What you need to do: Your reply should consist only of the lines from the one holding "Back of man" to the last line of the data below, written out exactly and without pictures.

Source data:
--*--
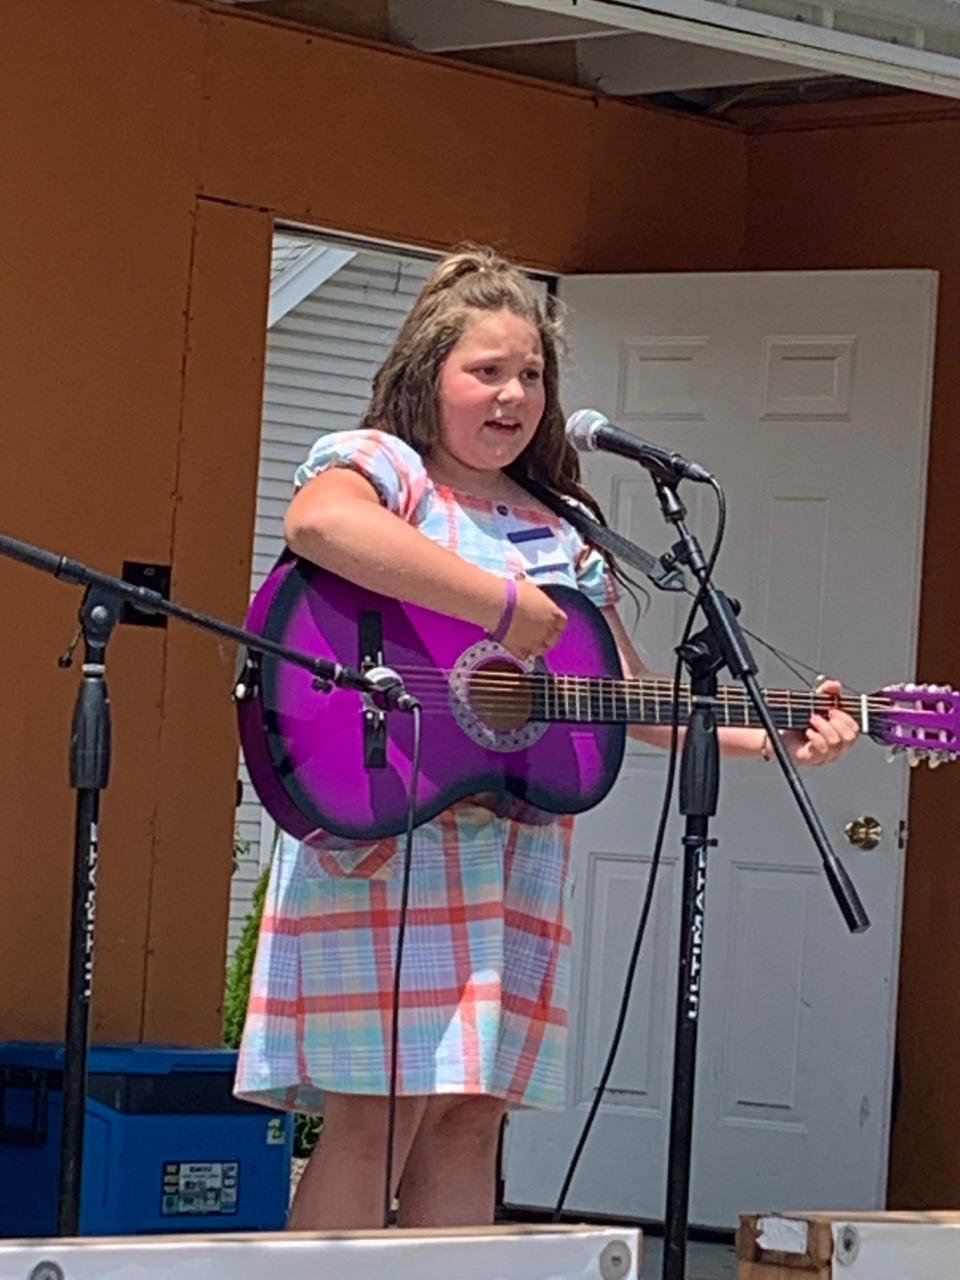 Isla Dotts sings "Animal Crackers" by Dolly Parton to take second place.
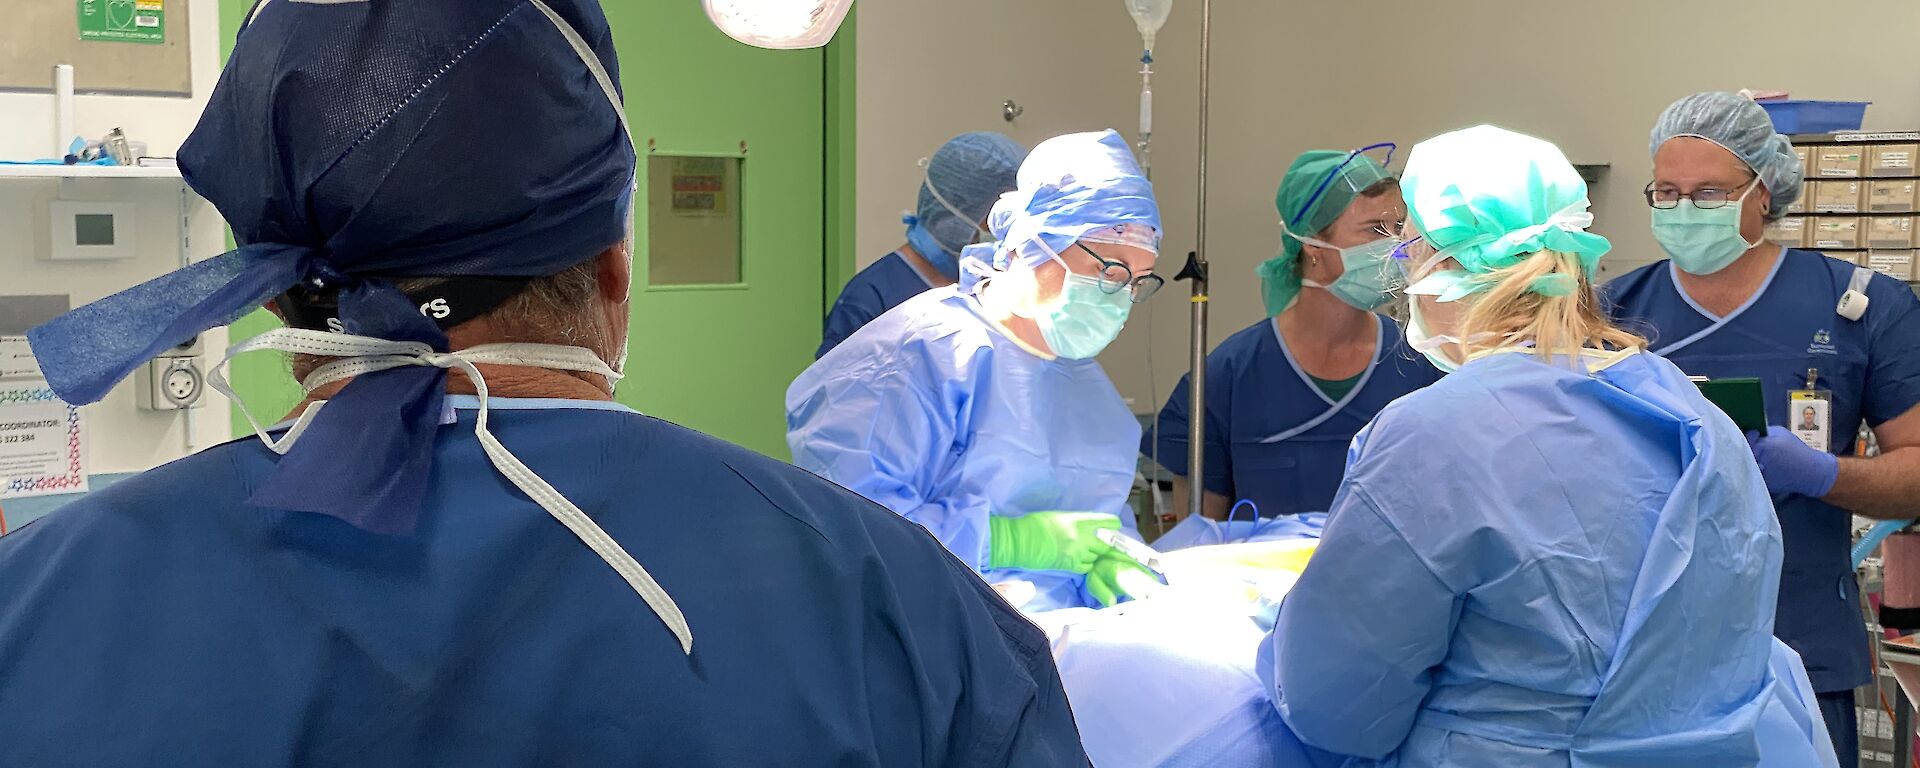 Back of man in surgical scrubs, watching several others in the operating theatre
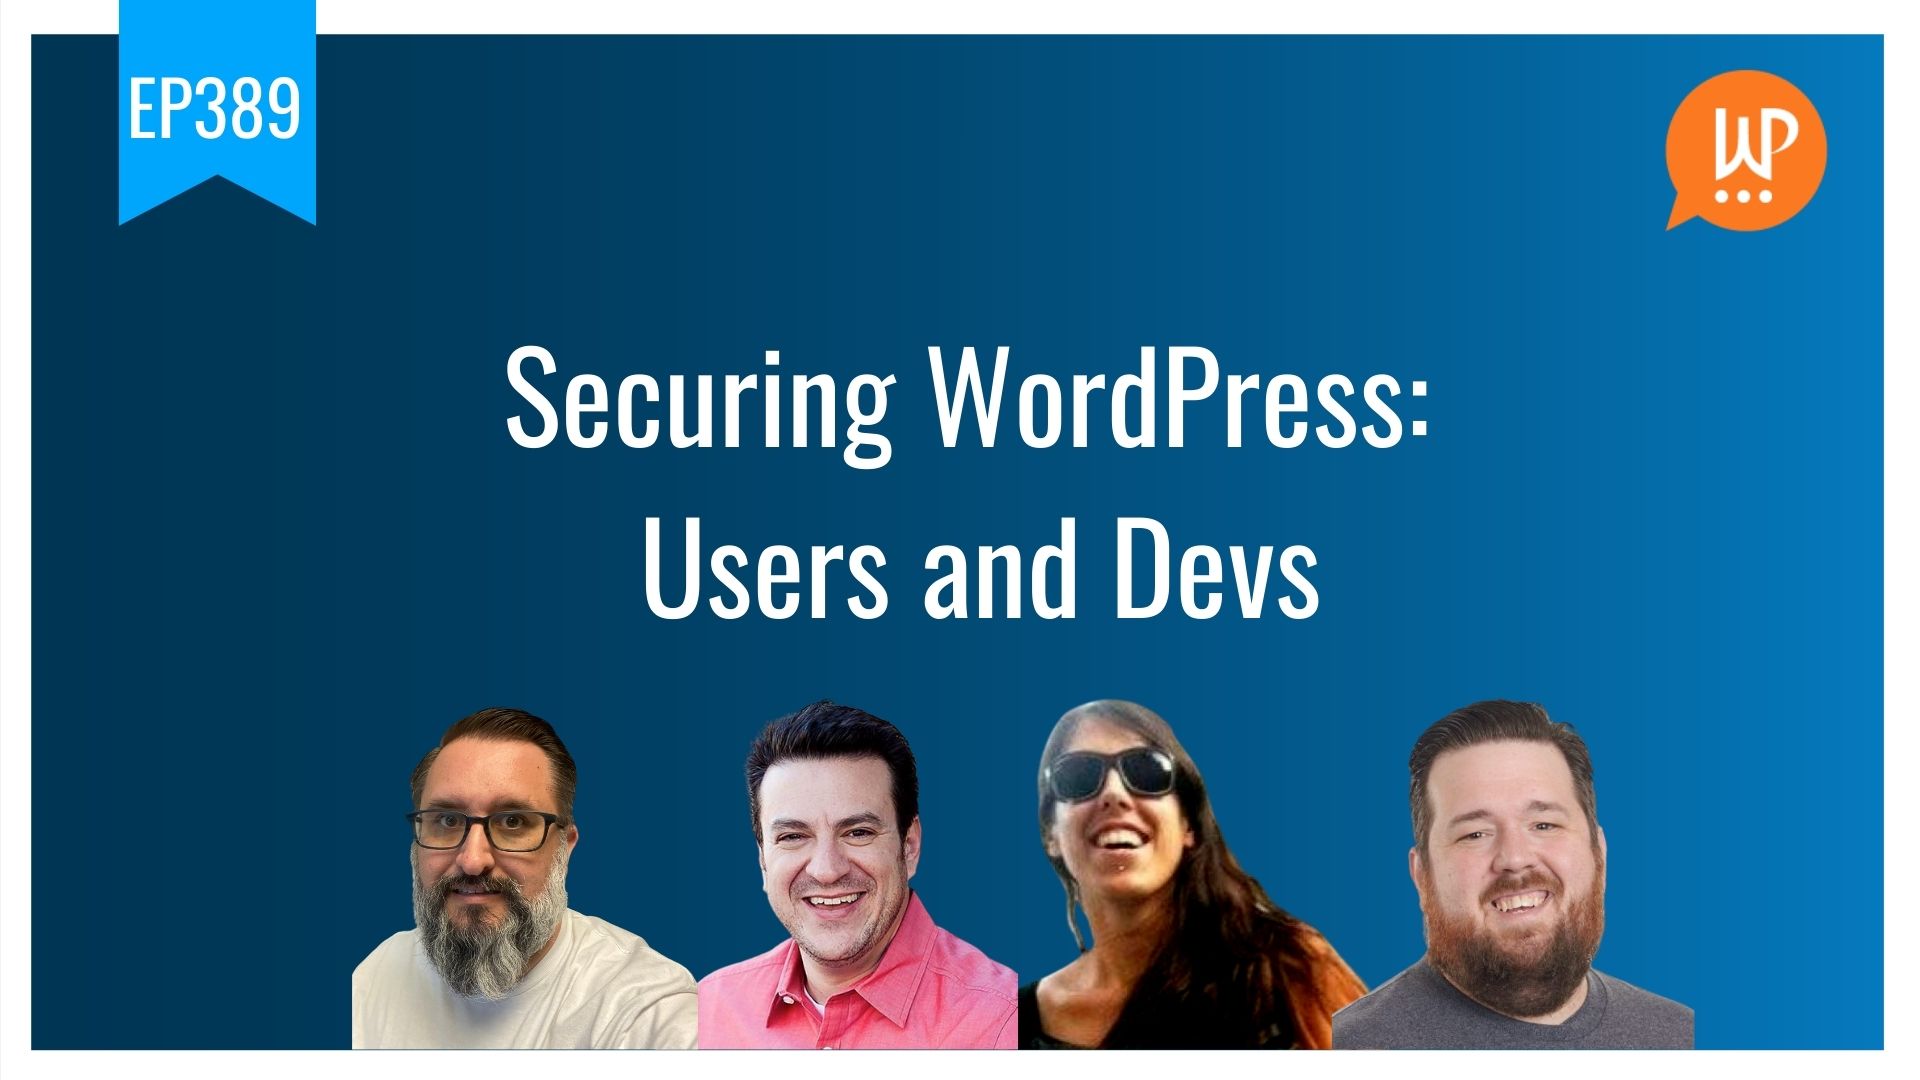 EP389 – Securing WordPress Users and Devs
--*--
Result:
 Back of man in surgical scrubs, watching several others in the operating theatre
 EP389 – Securing WordPress Users and Devs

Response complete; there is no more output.